Description of problem: The "openstack deploy overcloud" command may return a false positive. If the stack is not successfully created, the command will tell you it failed but the return code will be zero. Version-Release number of selected component (if applicable): python-openstackclient-2.2.0-1.el7ost.noarch How reproducible: Easy Steps to Reproduce: 1. Start with no overcloud stack 2. Attempt to deploy an overcloud that you know will fail 3. Actual results: Here are the last few lines of the deploy command's output: Stack overcloud CREATE_FAILED Deployment failed: Heat Stack create failed. clean_up DeployOvercloud: END return value: 0 [stack@director ~]$ echo $? 0 [stack@director ~]$ openstack stack list +--------------------------------------+------------+---------------+---------------------+--------------+ | ID | Stack Name | Stack Status | Creation Time | Updated Time | +--------------------------------------+------------+---------------+---------------------+--------------+ | 64a7198d-4693-42ca-9c66-38b8a9c4b6e5 | overcloud | CREATE_FAILED | 2016-08-25T20:55:07 | None | +--------------------------------------+------------+---------------+---------------------+--------------+ Expected results: Any non-zero return value. Additional info:
The same thing happens with the update, possible workaround would be adding extra few lines to your deploy.sh script: # We don't always get a useful error code from the openstack deploy command, # so check `heat stack-list` for a FAILED status. if heat stack-list | grep -q 'FAILED'; then for failed in $(heat resource-list \ --nested-depth 5 overcloud | grep FAILED | grep 'StructuredDeployment ' | cut -d '|' -f3) do heat deployment-show $failed > failed_deployment_$failed.log done fi We are already using this for TripleO Quickstart.

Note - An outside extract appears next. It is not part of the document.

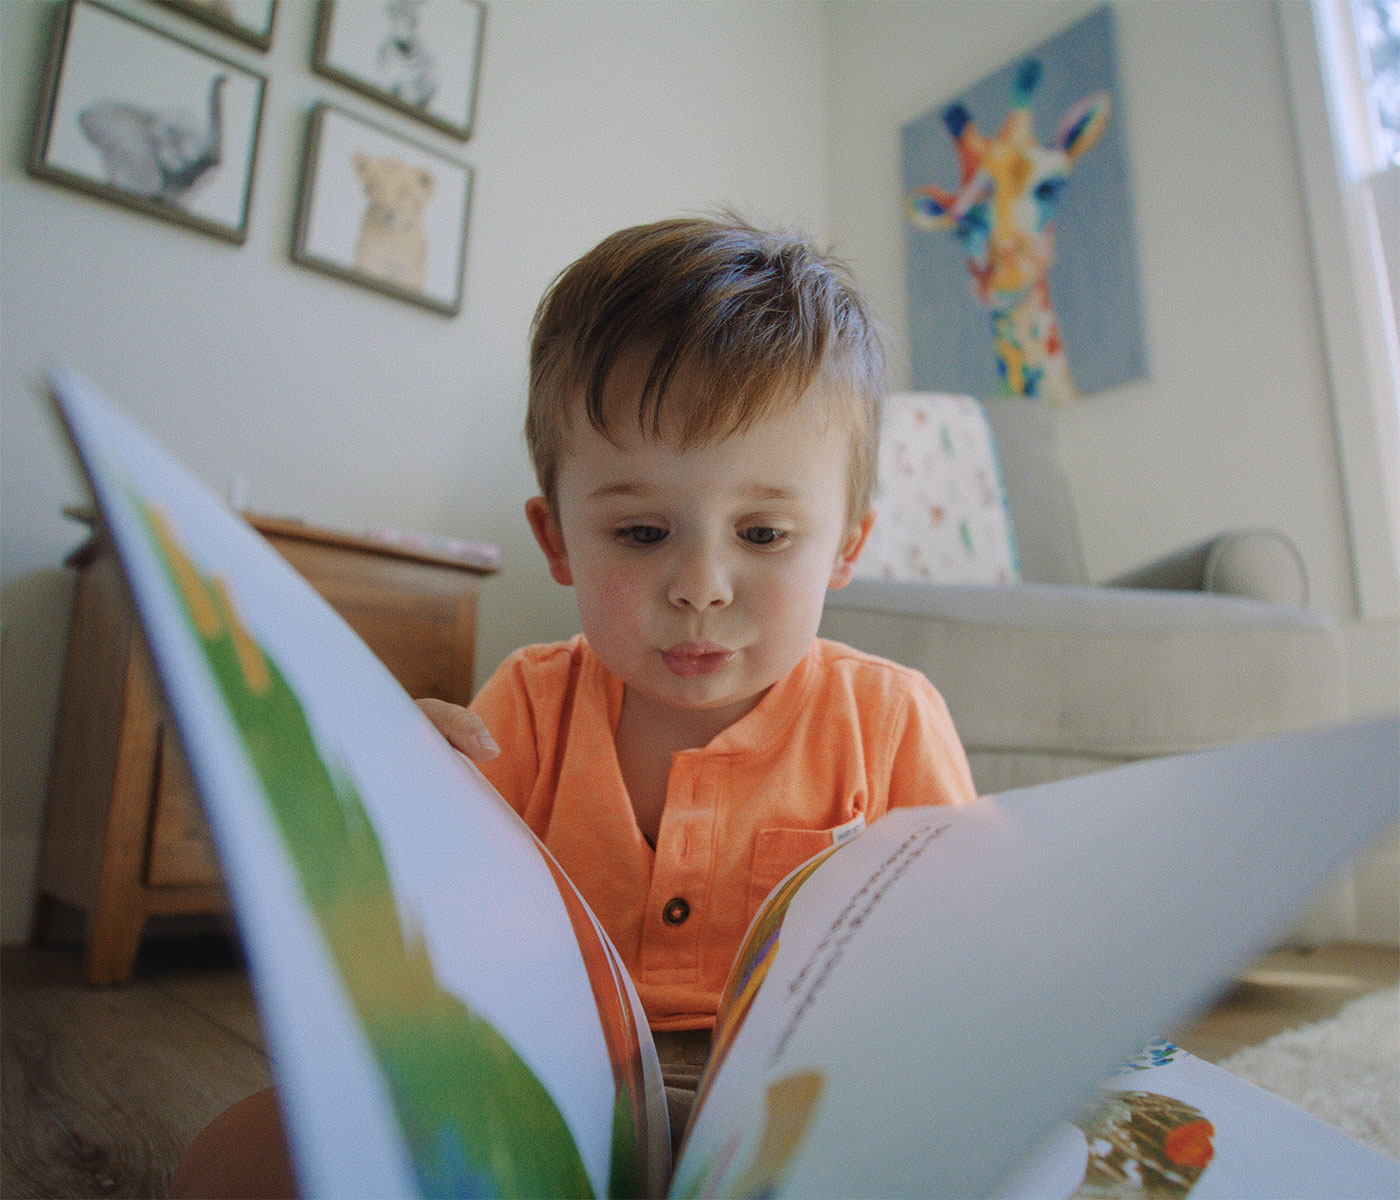 A toddler wearing a sunny orange shirt reads a book on the floor of his bedroom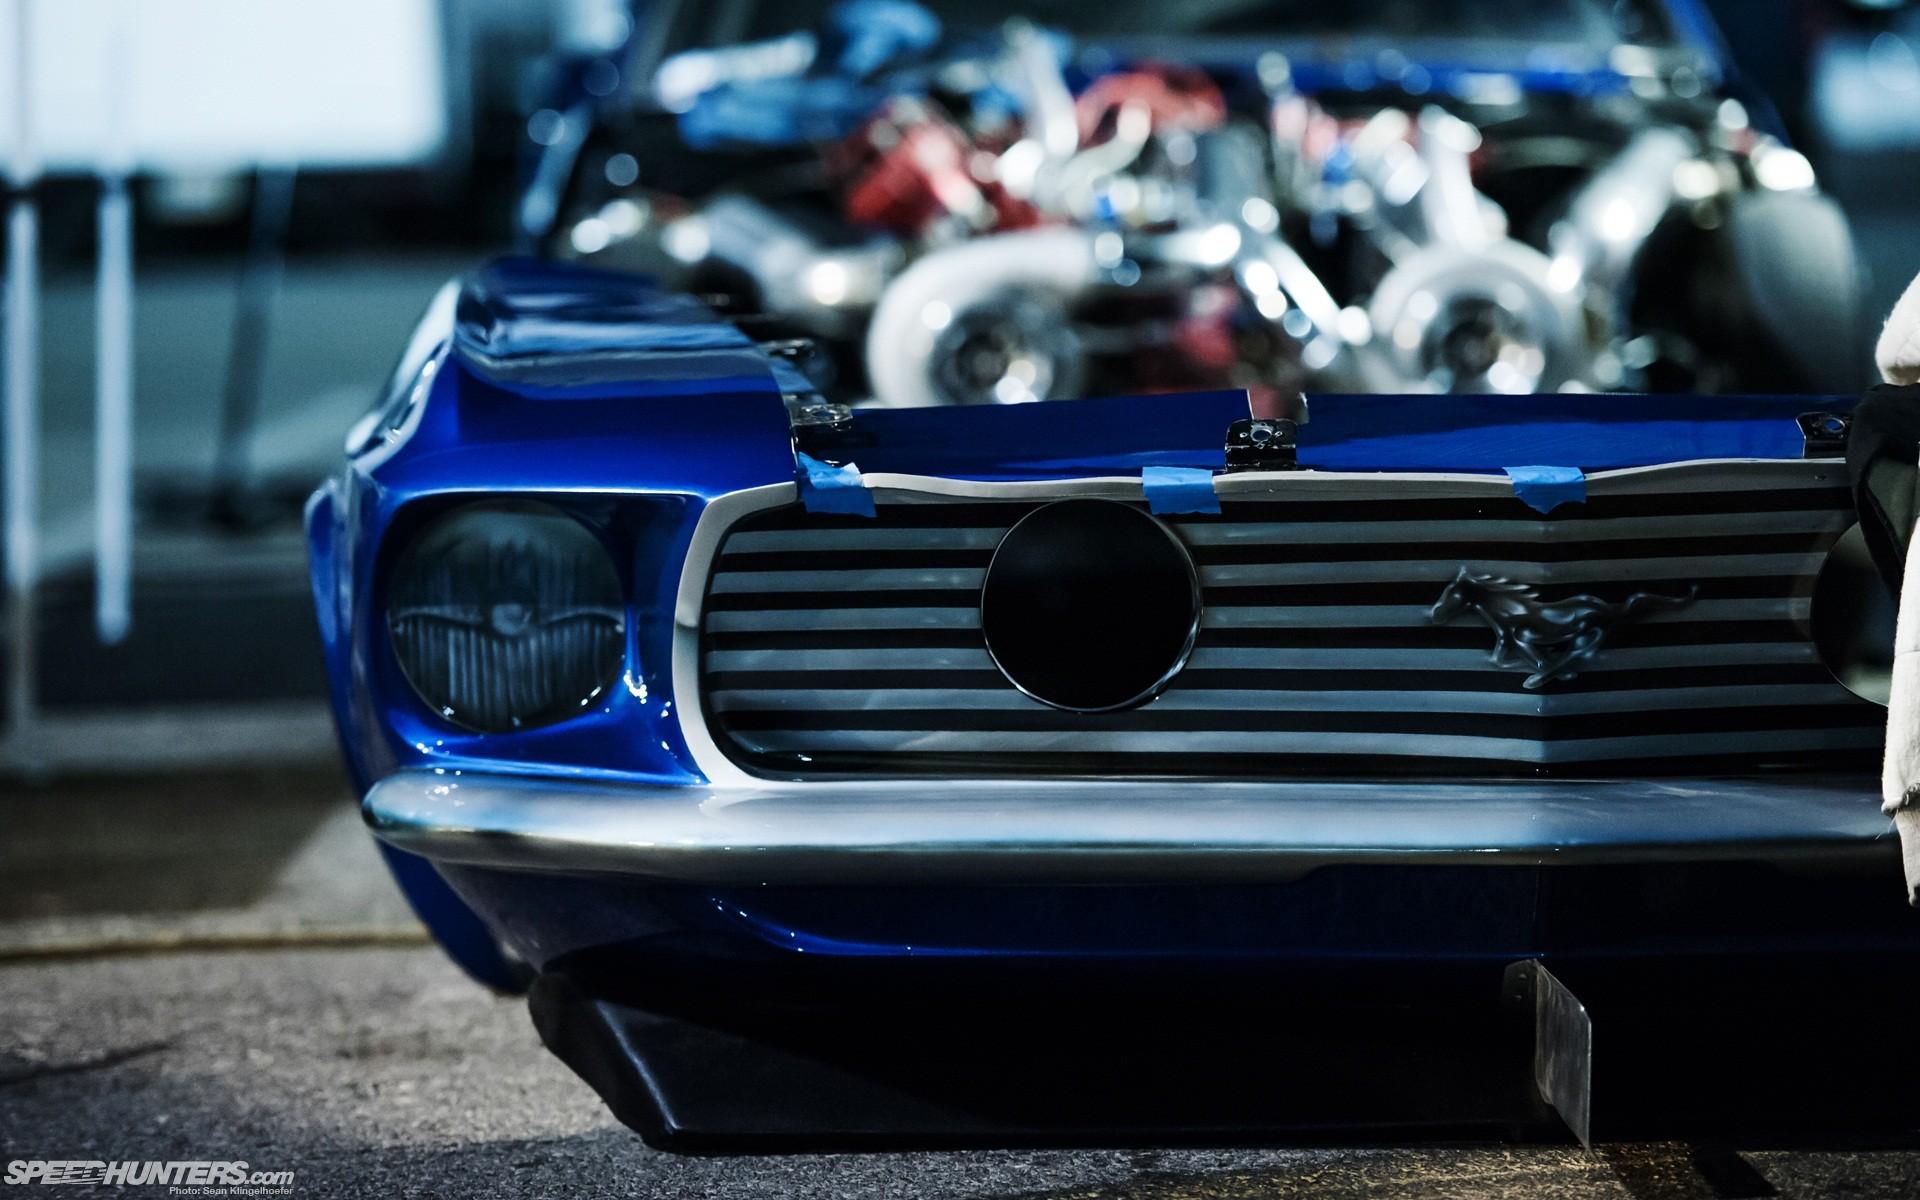 speddhunters, Ford, Mustang, Shelby, Vehicle, Cars, Hot, Rod, Muscle, Engine, Nitro, Turbo, Front, Blue, Chrome, Drag, Racing, Race Wallpaper HD / Desktop and Mobile Background

Since there is a workaround and time is short I'm moving to z
The workaround only works if the deploy gets as far as submitting the stack update to heat. In this example we had an issue with our undercloud build causing some additional drivers to not be loaded correctly into with ironic. In this case the command still gave the incorrect exit status: [stack@ucl00002i2 osp9-upgrade]$ openstack overcloud deploy --templates \ -e /usr/share/openstack-tripleo-heat-templates/environments/network-isolation.yaml \ -e $runDir/network-environment.yaml \ -e $runDir/storage-environment.yaml \ -e $runDir/timezone.yaml \ -e $runDir/firstboot.yaml \ -e $runDir/enable-tls.yaml \ -e $runDir/cloudname.yaml \ -e $runDir/placement/scheduler_hints_env.yaml \ -e $runDir/post-configuration.yaml \ -e $runDir/rhel-registration/environment-rhel-registration.yaml \ -e $runDir/rhel-registration/rhel-registration-resource-registry.yaml \ -e /usr/share/openstack-tripleo-heat-templates/environments/major-upgrade-aodh.yaml \ --control-scale 3 \ --compute-scale 2 \ --ceph-storage-scale 3 \ --control-flavor baremetal \ --compute-flavor baremetal \ --ceph-storage-flavor baremetal \ --ntp-server time1.il2management.local \ --neutron-network-type vxlan \ --neutron-tunnel-types vxlan \ --timeout 120 /home/stack/beta-deployment-heat-templates 1 nodes with profile None won't be used for deployment now No valid host was found. Reason: No conductor service registered which supports driver pxe_iscsi_cimc. (HTTP 400) No swift endpoint found, no need to delete. End of deployment [stack@ucl00002i2 osp9-upgrade]$ echo $? 0
Will this be backported to OSP8/OSP9?
Hi Jacob, is there an upstream review for this that we can use for additional tracking, and will this apply to OSP 8, 9 and 10?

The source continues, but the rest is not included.